- **About this exercise**
Once the line containing "Pink and Yellow David Wall Poster Print" is found in the entries below, restate it and each following line word for word, stopping after the line containing "Eine Geige bzw.".

▬▬▬

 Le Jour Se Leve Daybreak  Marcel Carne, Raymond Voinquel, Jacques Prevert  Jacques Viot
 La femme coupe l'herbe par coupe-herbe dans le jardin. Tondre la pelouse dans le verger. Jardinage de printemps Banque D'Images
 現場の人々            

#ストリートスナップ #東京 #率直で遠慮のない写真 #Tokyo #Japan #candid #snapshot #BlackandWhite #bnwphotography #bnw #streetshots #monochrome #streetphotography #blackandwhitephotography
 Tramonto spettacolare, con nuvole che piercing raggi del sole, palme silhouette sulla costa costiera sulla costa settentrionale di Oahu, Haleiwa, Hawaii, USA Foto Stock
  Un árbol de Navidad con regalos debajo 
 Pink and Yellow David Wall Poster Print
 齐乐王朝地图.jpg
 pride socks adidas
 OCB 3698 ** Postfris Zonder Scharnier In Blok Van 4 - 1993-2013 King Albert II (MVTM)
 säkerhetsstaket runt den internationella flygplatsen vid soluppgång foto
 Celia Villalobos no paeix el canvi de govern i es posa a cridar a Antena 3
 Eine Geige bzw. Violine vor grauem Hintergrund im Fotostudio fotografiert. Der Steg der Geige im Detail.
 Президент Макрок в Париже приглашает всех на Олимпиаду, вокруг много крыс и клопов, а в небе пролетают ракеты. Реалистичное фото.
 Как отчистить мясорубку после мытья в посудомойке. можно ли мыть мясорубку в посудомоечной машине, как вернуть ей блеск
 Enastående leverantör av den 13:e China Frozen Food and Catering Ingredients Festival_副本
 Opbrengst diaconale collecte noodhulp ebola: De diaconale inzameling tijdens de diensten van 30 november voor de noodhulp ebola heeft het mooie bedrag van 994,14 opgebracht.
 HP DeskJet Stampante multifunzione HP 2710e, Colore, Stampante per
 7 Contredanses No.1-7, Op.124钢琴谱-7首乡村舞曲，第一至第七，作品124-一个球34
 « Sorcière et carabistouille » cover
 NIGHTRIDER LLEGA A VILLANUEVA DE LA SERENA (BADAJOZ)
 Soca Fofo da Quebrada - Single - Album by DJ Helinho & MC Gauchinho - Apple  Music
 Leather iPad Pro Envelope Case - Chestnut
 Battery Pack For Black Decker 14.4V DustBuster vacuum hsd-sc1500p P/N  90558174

▬▬▬

- **Final answer**
 Pink and Yellow David Wall Poster Print
 齐乐王朝地图.jpg
 pride socks adidas
 OCB 3698 ** Postfris Zonder Scharnier In Blok Van 4 - 1993-2013 King Albert II (MVTM)
 säkerhetsstaket runt den internationella flygplatsen vid soluppgång foto
 Celia Villalobos no paeix el canvi de govern i es posa a cridar a Antena 3
 Eine Geige bzw. Violine vor grauem Hintergrund im Fotostudio fotografiert. Der Steg der Geige im Detail.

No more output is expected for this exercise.